Она отворачивалась от его насмешливого взгляда.

— И все время меня не покидает мысль: в тебе зарыта какая-то злая собака. Знаю, ты выше меня, умней, и рядом с тобой я, наверное, кажусь просто девочкой…

— Милой и завернутой в одеяло, — уточнил он. Он все обыгрывал — так было легче.

— Но если бы тебя только боялись — тогда все ясно, но ведь тебя уважают!
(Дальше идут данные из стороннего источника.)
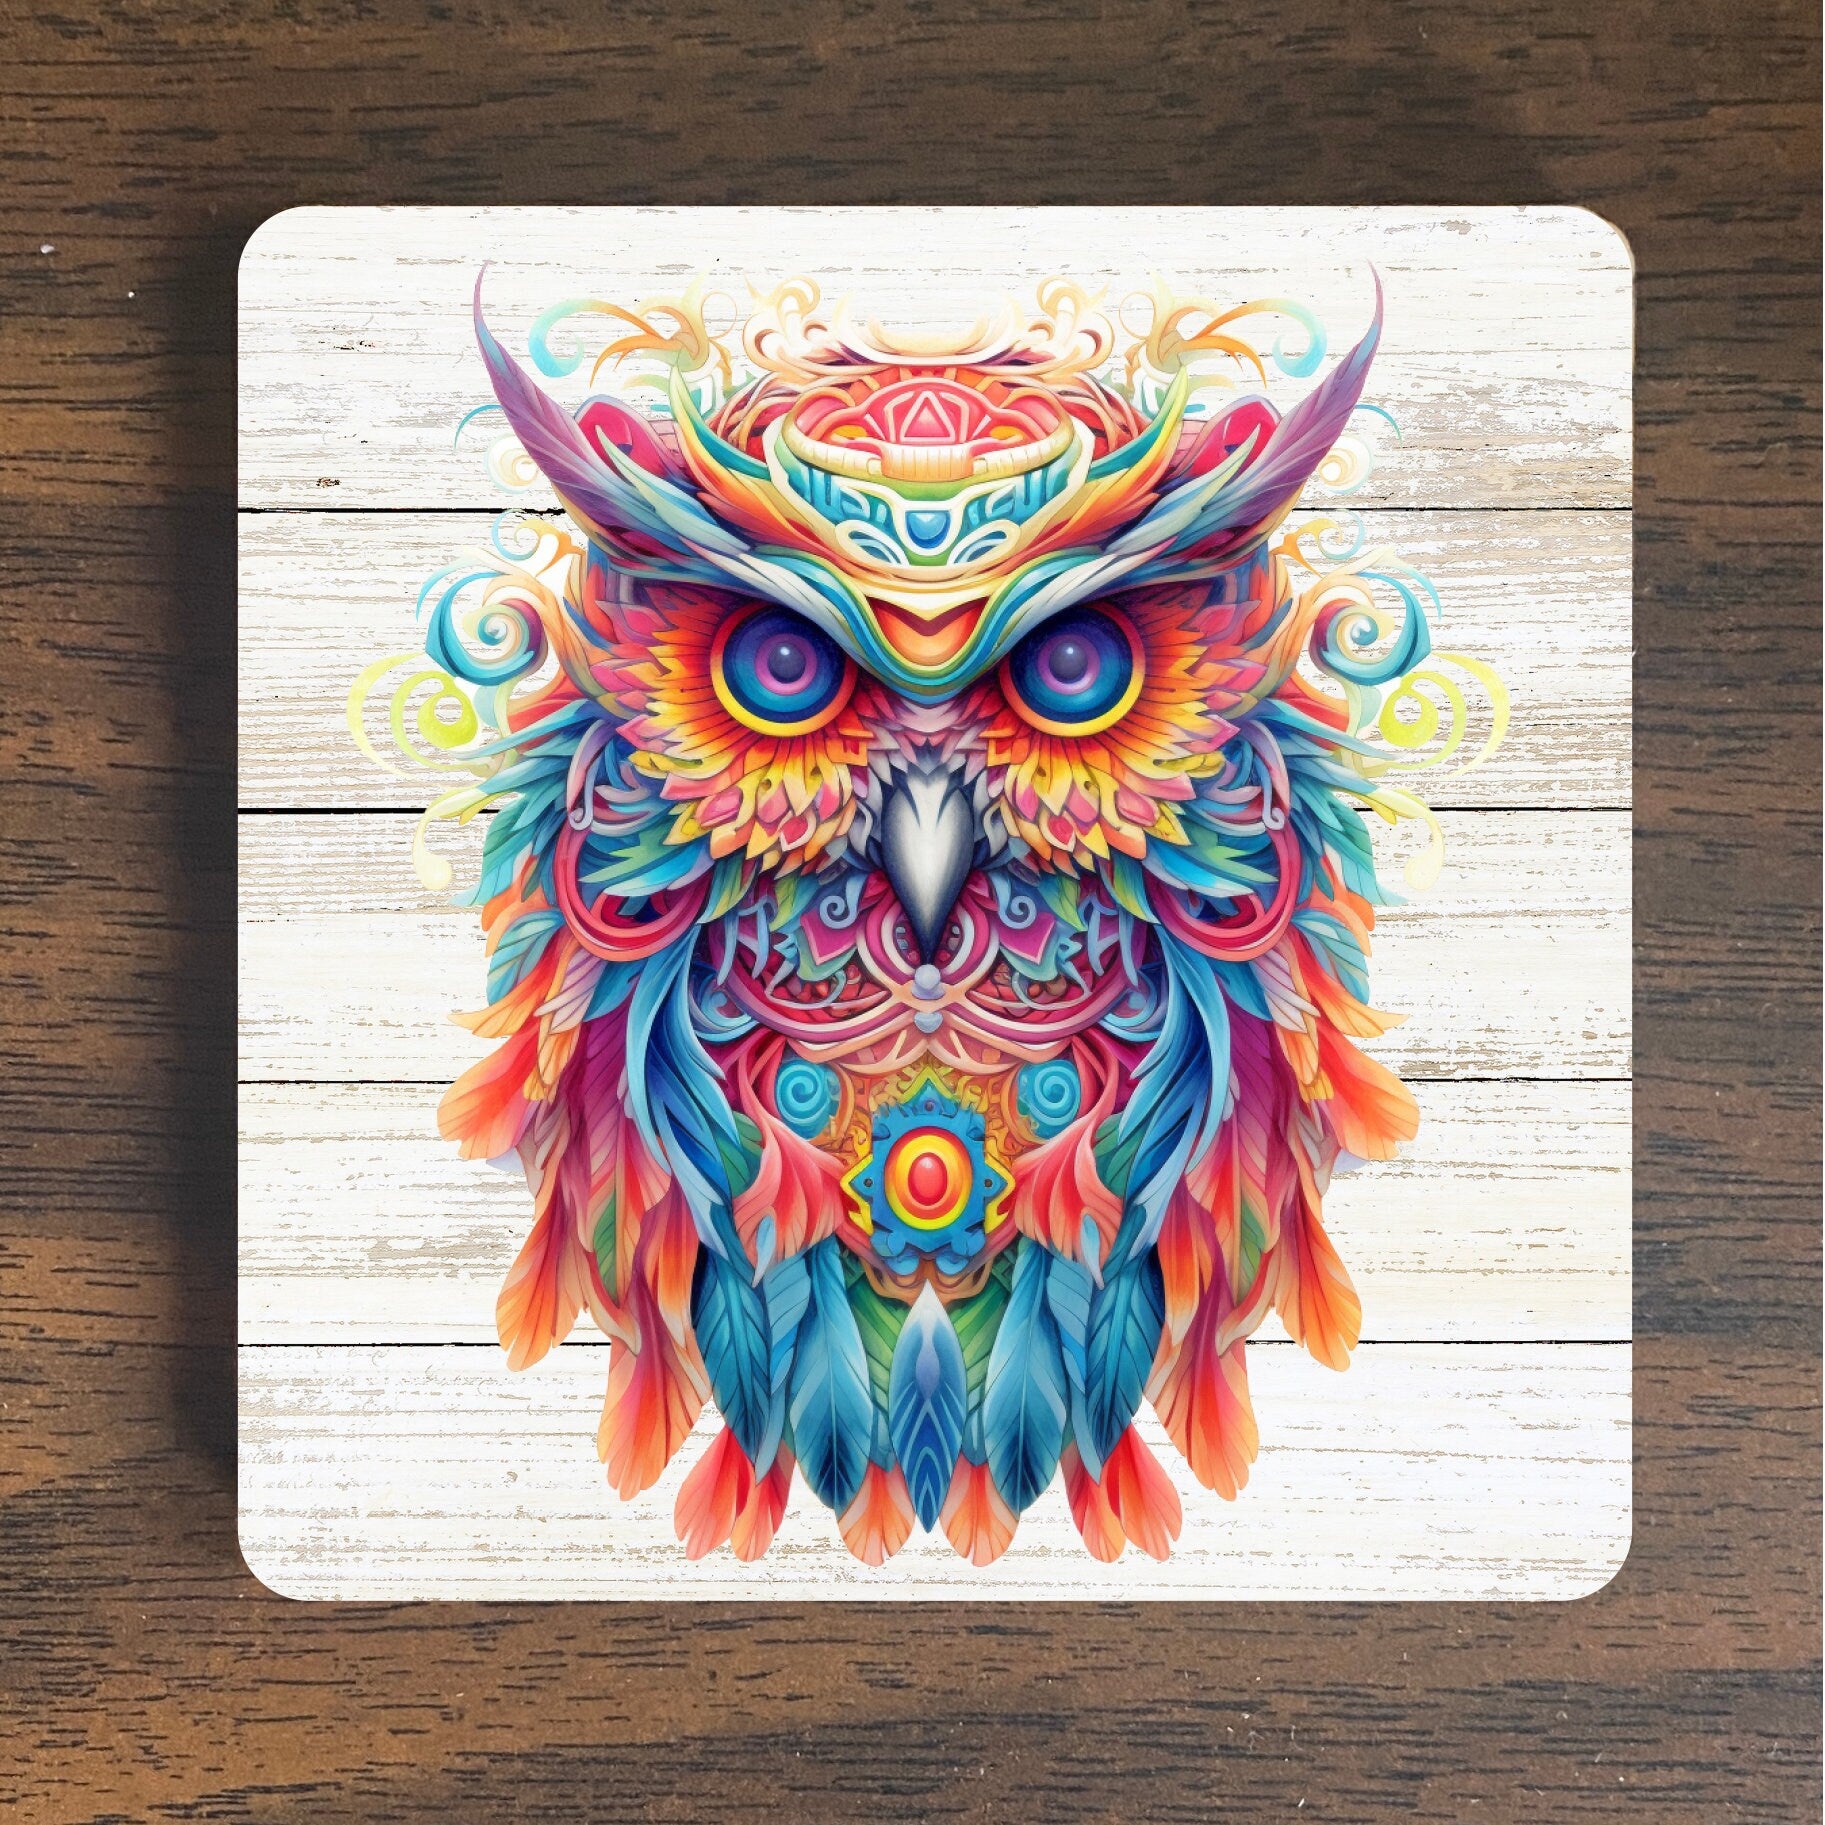 Whoooa-mazing Psychedelic Owl Magnet - Vibrant and Groovy Fridge Decor - Owl Magnet -   - Spiritual Magnet -  Refrigerator Magnet

— Значит, зарыта и добрая собака! А?

Он поймал ее взгляд.

— Но что-то есть в тебе такое… Вот даже сегодня — ты позвонил, я согласилась. Повесила трубку, думаю: «Хорошо, поеду!» Но вышла из автобуса, увидела тебя у памятника и защемило, потому что сразу увидела этакую спокойную уверенность в собственном превосходстве. Ты опасный! И не потому, что можешь в любую минуту сказать что-то, чего я не пойму, и мне будет стыдно, — это все ерунда, другое — вот даже сейчас — ты шел, дурачился, а я знала, что где-то ты другой — суровый, зоркий и все время следишь.

— За собой следил, лапушка, за поведением своего желудка. — Он засмеялся и заглянул ей в глаза.

Он уже любил, когда она улыбалась, но не меньше — когда она вот так рассуждает, словно все спокойно раскладывает по местам на своем столе.

— Хорошо, что ты так говоришь, — сказал он. — Значит, уже не боишься. Да и что меня бояться, девочка? — Он отбросил в сторону сигарету. — И брось ты эту предвзятость, что я все знаю, все могу и тремя словами кладу любого на лопатки. Это все выдумали твои милые друзья-шалопаи. — Он снова достал сигарету. — Пижоны!.. А страху я нагнал на них потому, что занимаются не тем. И интеллектуалы — точат лясы и сдают сессии по шпорам! И вообще я не люблю компаний, не люблю людей, которым делать нечего. — Он помял сигарету. — Понимаешь, девочка, наука, искусство и вообще мысль двигаются не в ваших дымных компаниях, где много трепотни, дрыганья и книг по стенам, на полках. Развлекаетесь, снобствуете, а служенье муз не терпит суеты… Творцы сидят по своим углам. А у вас там только красиво болтают. Болтают об искусстве, но не двигают его, болтают о поэзии и читают плохие стихи, болтают о науке, а она идет где-то за стеной в ночи и прикуривает под фонарем. — Он закурил. — Знаю я эти компании! — Он раздраженно бросил спичку. — Там все — потребители. Всё от жизни и ничего — ей!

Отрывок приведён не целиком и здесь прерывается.